No mention, interestingly, was made of autoimmunity, but Lipkin, pointing at the high IL-17 levels in the newbies, embraced the idea (only after further validation) of using immunomodulators in some ME/CFS patients to turn down the fire in the immune system. Immunomodulators exist now, he said, that can bring that IL-17 cytokine down. (He stressed, however, that there is not enough research to start using them on patients.)
The spinal fluid, interestingly enough, showed a very different pattern. It showed a consistent profile of immunological dysregulation in CFS, regardless of duration of illness. Dr. Lipkin identified increased IL-10 and IL-13 levels suggesting enhanced Th2 activation and increased IL-1B, IL-5 and IL-17 suggesting Th1 (proinflammatory) activation. Dr. Lipkin was obviously intrigued by the differences in cytokine findings between spinal fluid and blood.
A Focus on the Gut
Lipkin’s prime focus at this point is the gut and fecal matter. He believes the gut microbiome is going to play perhaps the key role in ME/CFS.
The Hornig/Lipkin team has had considerable experience with the gut microbiome. They’ve been successful finding gut abnormalities in autism, a disorder that shares some intriguing commonalities with ME/CFS, including low natural killer cell functioning. Noting that the gut can modulate immune functioning, not just in the gut, but across the body he asserted the gut is going to be ‘where the action is’ in ME/CFS.
Unfortunately, the fecal samples originally collected didn’t provide enough material for analysis so they’re restarting that part of the study.
Even more unfortunately, characterizing the bacteria in fecal matter is extremely expensive and Lipkin, with just 10% of the money needed to do the job, evidenced considerable frustration at having his hands tied by lack of money.

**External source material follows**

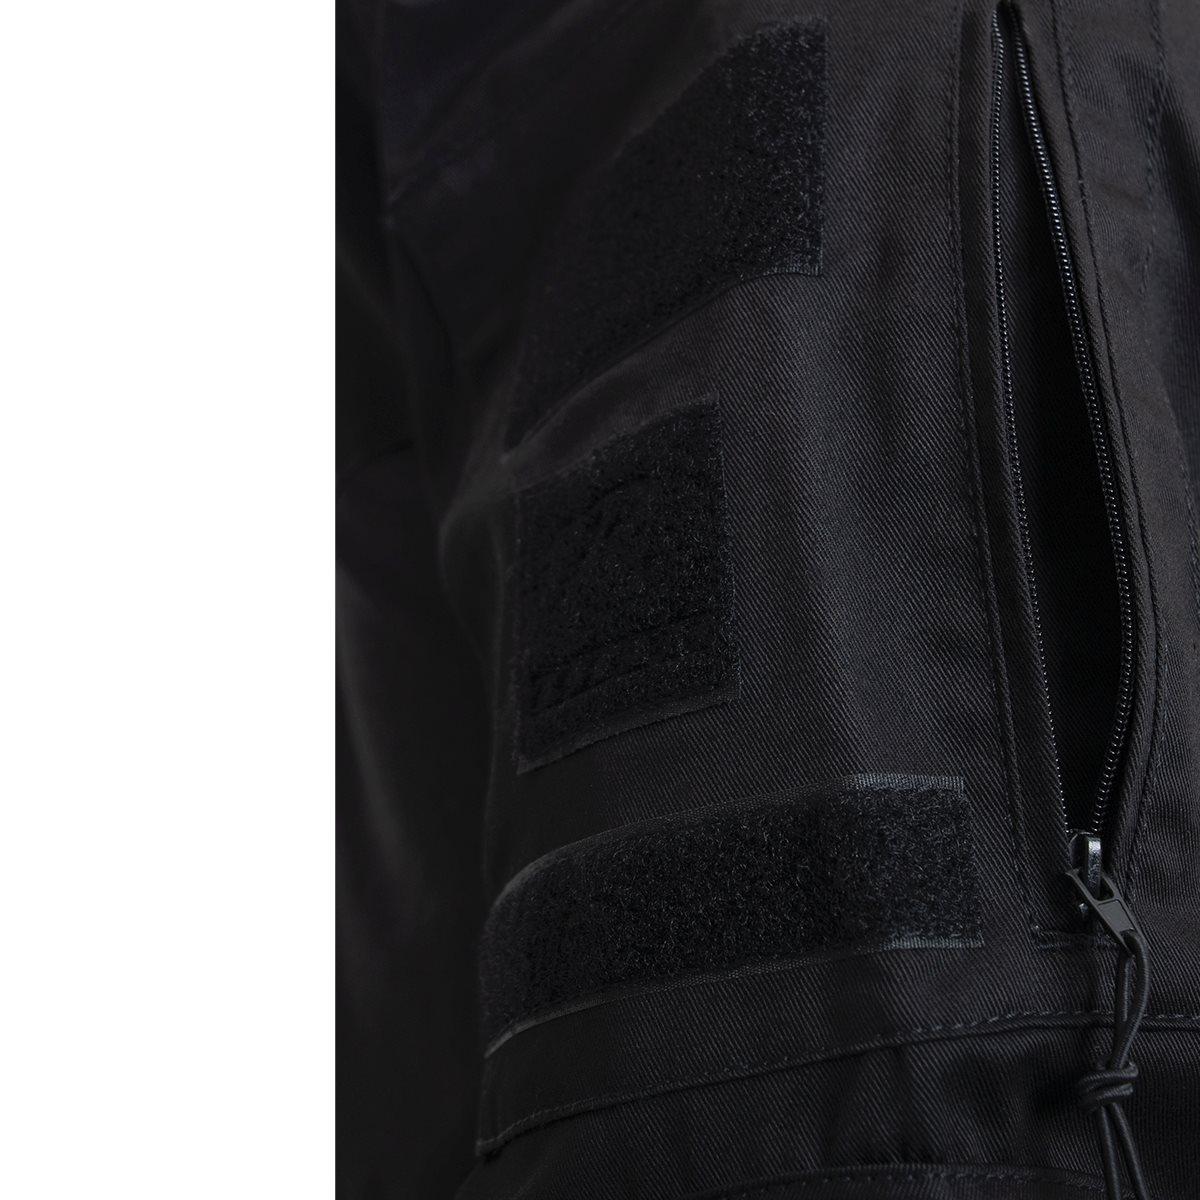 Košile taktická se zipem AIRSOFT COMBAT ČERNÁ ROTHCO 10216 L-11
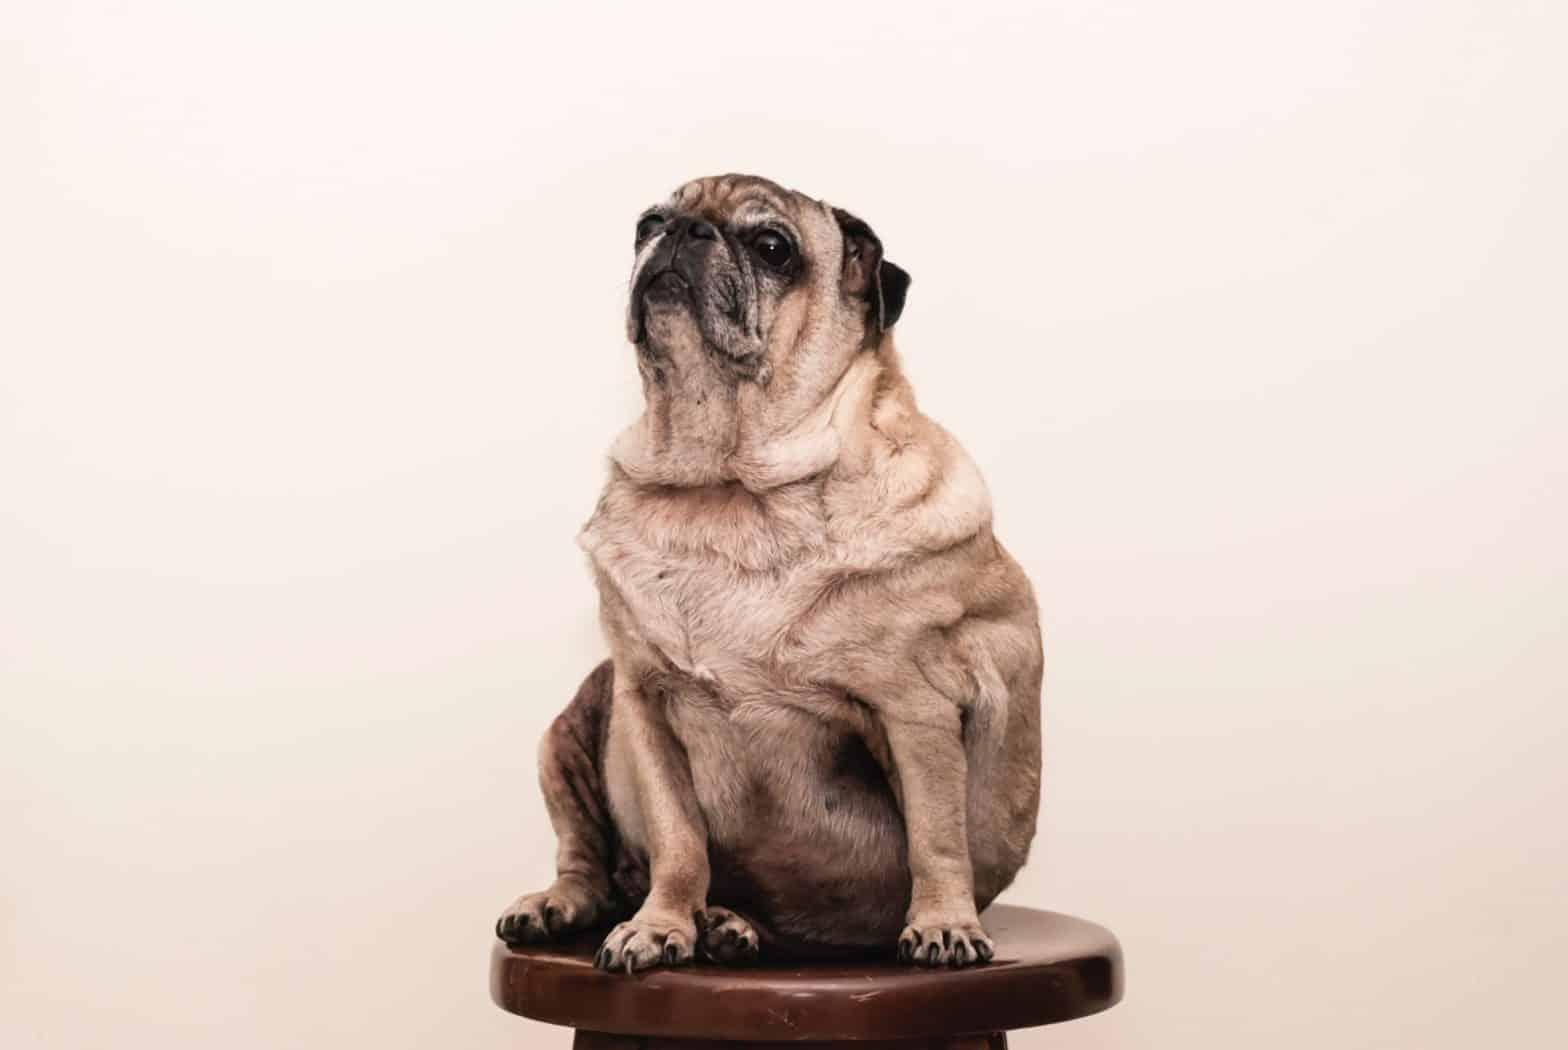 Te dikke hond die op een stoel neerzit.

Stating that he was not pointing fingers, he then proceeded to point them everywhere: at federal politics of funding, at NIH budget cuts, and at the paucity of research funding in our field. As at his last public talk, he urged patients to get active and enlist their congressman in their cause. Oddly enough, he also said Dr. Fauci, long considered a kind of ME/CFS nemesis by patients, was supportive of more work in this area.
Reiterating his belief that chronic fatigue syndrome has pathophysiological roots, Lipkin noted his history with it. Dr. Lipkin’s 1999 ME/CFS study did not find the virus he was researching but it did find a great deal of immune (polyclonal B-cell) activation. This was a pattern that was recently repeated when he didn’t find XMRV, but did find evidence of immune activation.
Next Up
Lipkin, in close collaboration with his ME/CFS experts, Dr. Peterson, Dr. Montoya. Dr. Klimas, Dr. Komaroff, etc. is following these results with deep sequencing of samples, completion of fecal matter analysis and larger studies to confirm and deepen the understanding of cytokines as biomarkers. Protein analysis was not mentioned but it was part of the original project. Tracking down evidence of past infection was also on the agenda.
Conclusion
The Chronic Fatigue Initiative’s pathogen study set a benchmark for rigor and size in the ME/CFS research field, not the least because of Dr. Lipkin’s leadership. Surprisingly few viruses were found in the blood of ME/CFS patients, yet Lipkin asserted that an infectious agent was likely driving the immune activation he found in the blood and spinal samples. Cytokine analyses of the blood suggested a different pattern of immune dysregulation was present in newer onset patients (<3 years) and patients with a longer duration of illness.
Dr. Lipkin believes the “primary cause is likely to be an infectious agent” and the gut microbiome is where ‘the action’ will be in ME/CFS.
Note: The Australian study is complementary to the Lipkin studies and should produce results in the first half of 2014.